# INL - Innlanz Limited



## System (23 December 2018)

Mediland Pharm is a market leading retailer servicing the Chinese inbound tourism sector in Australia. It does this by partnering with major travel agents and wholesale tour operators who are all Chinese Government certified under the Approved Destination Status scheme. The resulting customer volume is hosted at the Company's three strategically located retail outlets in Sydney, Melbourne and Surfers Paradise. The Company's store locations, retail experience and merchandising strategies are designed to capture a significant share of the spending of the various tour groups.

It is anticipated that MPH will list on the ASX during January 2019.

http://www.medilandpharm.com.au


----------



## Adamroweco (21 May 2020)

well they have listed 
sitting on around 14c 
good earnings's 2018 , 2019  drop by 3mil 
and they spend a lot on marketing 20mil 2019 
and the top brass get paid a good amount that bring's down there income 
they paid out dividend's last year i'm thinking that was a bit to early for a growing company
they may be good in to the long term but they spend a lot 
really how much did they pay for there share holder's meeting did they need to have one ???
i think they might be living the high life .....
but considering the management team has what 2 year's of experience
 Shares issued during IPO 12,552,722
Less: Share issue cost  653,877
Dividends paid 5,302,233 ?????????????????
what the F*&K are they doing 
look's like when all this corona is over they are set up to move in to the Chinese market 
so for the price 14c and a 2019 price of 34c are they a good buy humm
may be i think they could do better considering i did not know who they were and they had spent 20mill so i would ,,,,, but i'm in SA so they don't have any thing here all so i'm not a hippy 
i think they are targeting the Chinese consumer and with the online side of thing's they could do well 
there shop's seem to be placed to take advantage of this 
and they have thing's in place to keep in touche with there customers to keep selling to them 
but i think they spend a lot on **** but what ever work's 
i would like to know what some one els think's


----------



## Skate (22 May 2020)

Adamroweco said:


> *I would like to know what someone else thinks*




@Adamroweco what others think is irrelevant, it's what the market thinks you should be interested in. I'll post a Buy & Sell Pressure chart to see if you can work it out for yourself.
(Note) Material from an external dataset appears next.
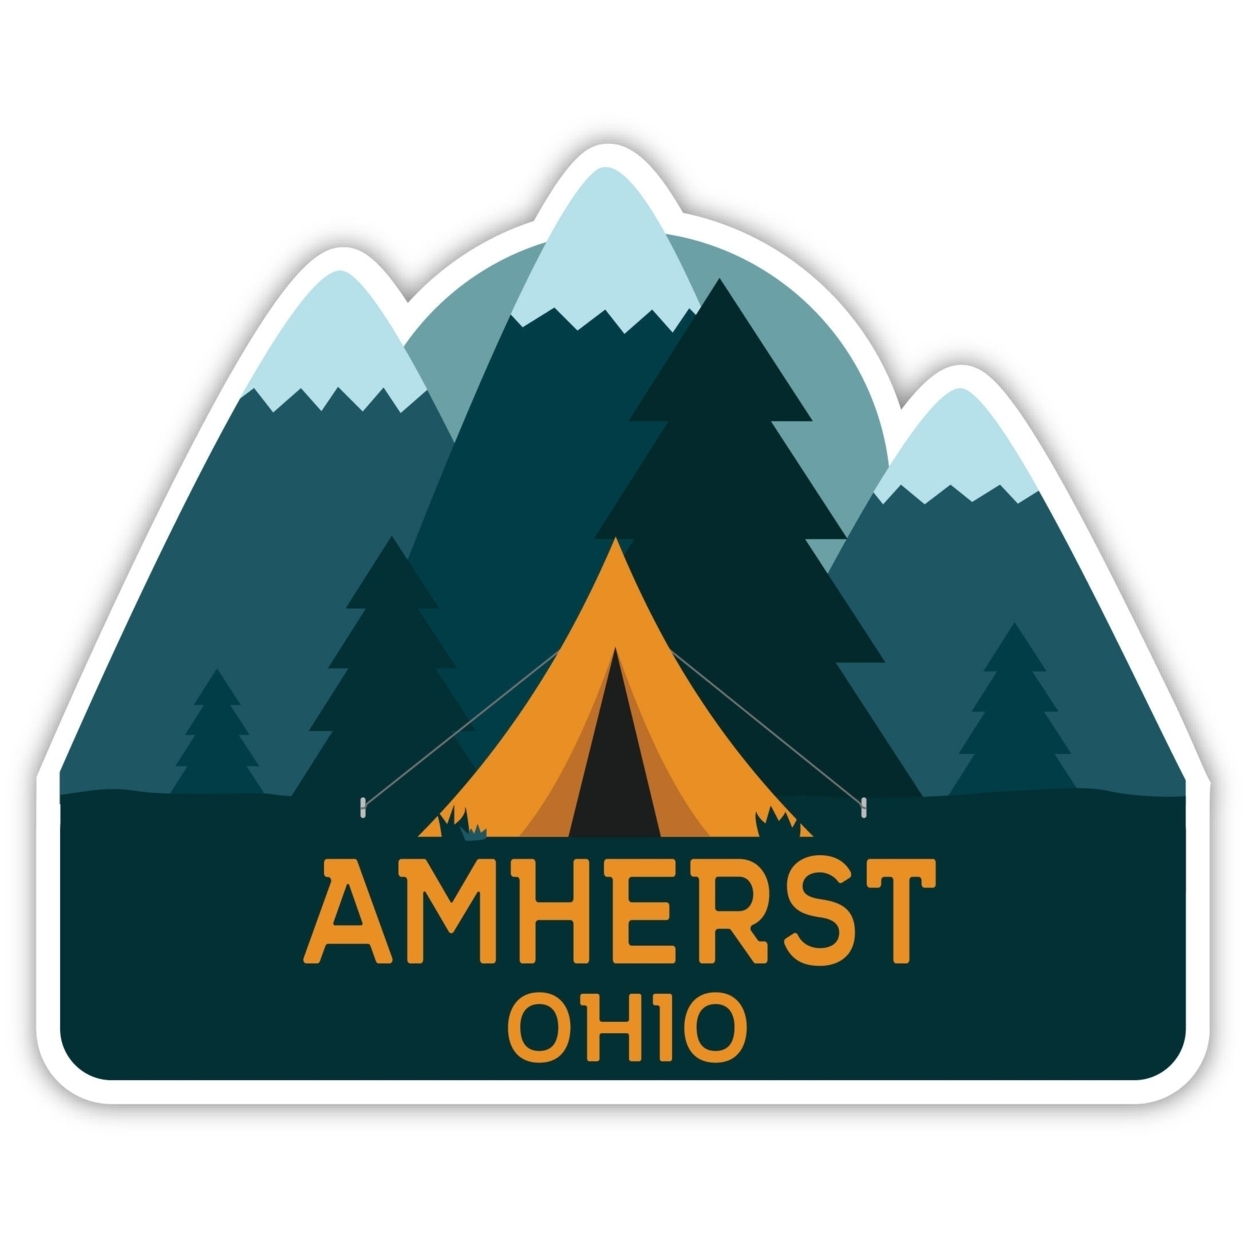 Amherst Ohio Souvenir Decorative Stickers (Choose Theme And Size) - 4-Pack, 12-Inch, Tent

*What's trading all about*
As traders we buy a position in the hope sometime in the future we will be able to offload our position to someone at a higher price than we brought it. Traders make money in the markets by exploiting changes in the prices. Most traders put all their effort into buying whereas successful traders put most of their effort into selling.

*Trading with the trend*
Trends exist in all markets and can be traded profitably, finding profitable repeatable patterns & timing when to enter is normally the primary concern of most technical traders. Technical traders spend an enormous amount of time on analysis, yet analysis is the easiest part of the trading process whereas our primary objective when conducting our analysis must be to limit our losses. Also, it pays to stay with the trend, but get out when it clearly ends.

*Trading analysis*
The reason most traders concentrate so much on analysis is based on the false premise that if the "right" stock is bought at the "right" time this is where the money will be made on the trade. While stock selection and timing of the entry are important when the trade is closed is far more important. Selling is where we make our money & it’s much more important than when we buy into the position.

*Trading is much more than analysis.*
Trading is a very emotional experience & emotions can sometimes sabotage the best of plans, even when trading is travelling nicely it’s difficult to follow the plan. Most losses are not the result of a poor plan, but of failure to follow it.
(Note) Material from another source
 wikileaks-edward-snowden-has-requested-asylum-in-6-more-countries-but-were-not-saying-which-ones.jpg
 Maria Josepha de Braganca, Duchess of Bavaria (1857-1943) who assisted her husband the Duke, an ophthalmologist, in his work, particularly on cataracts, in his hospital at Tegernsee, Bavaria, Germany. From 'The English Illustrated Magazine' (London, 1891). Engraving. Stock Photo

*I’ll leave the last words to Bill Williams PhD*
You will never go broke trading if you “want what the market wants” - you will do well to memorise this saying. If I could give you one small piece of advice it would be this: Anytime you think something is important or useful "write it down"







Skate.


----------



## Adamroweco (22 May 2020)

i know what your saying , i delete it off of my watch list just be fore i read your post 
i'm going back to work soon and i'm not going to have much time to trade so i'm looking for share's that will rebound , i was thinking fist looking at that one it might be good , but it's certainly not moving with the market , just started looking at downer , dow , seem's to be on the up as well as coca cola , ccl 
but i'm thinking my watch list is to big now it need's a cull ..


----------



## System (16 December 2021)

On December 16th, 2021, Mediland Pharm Limited (MPH) changed its name and ASX code to Innlanz Limited (INL).


----------



## Dona Ferentes (16 December 2021)

the Operations Update from 30 Nov is a grim read. This chook was not going to get off the ground. In June 2020


> The stores remained closed with an intention to reopen when international border restrictions were lifted and in particular when Chinese visitors begin returning to travel within Australia and New Zealand in large numbers.




*Strategic Activity post financial year end 2021*

_Ian’s Health Lounge lease terminated._
_Negotiations with  Sydney Head office and New Zealand landlords were successful, and leases terminated with discounts.  This will reduce cash outflows on unproductive assets._
_Management actively exploring opportunities to diversify revenue and to increase productive assets to generate consistent cashflows._
_NSW lockdown lifted, positive news for international travel market, however we are still a long way from return of our Chinese customers to Aust and NZ_.


----------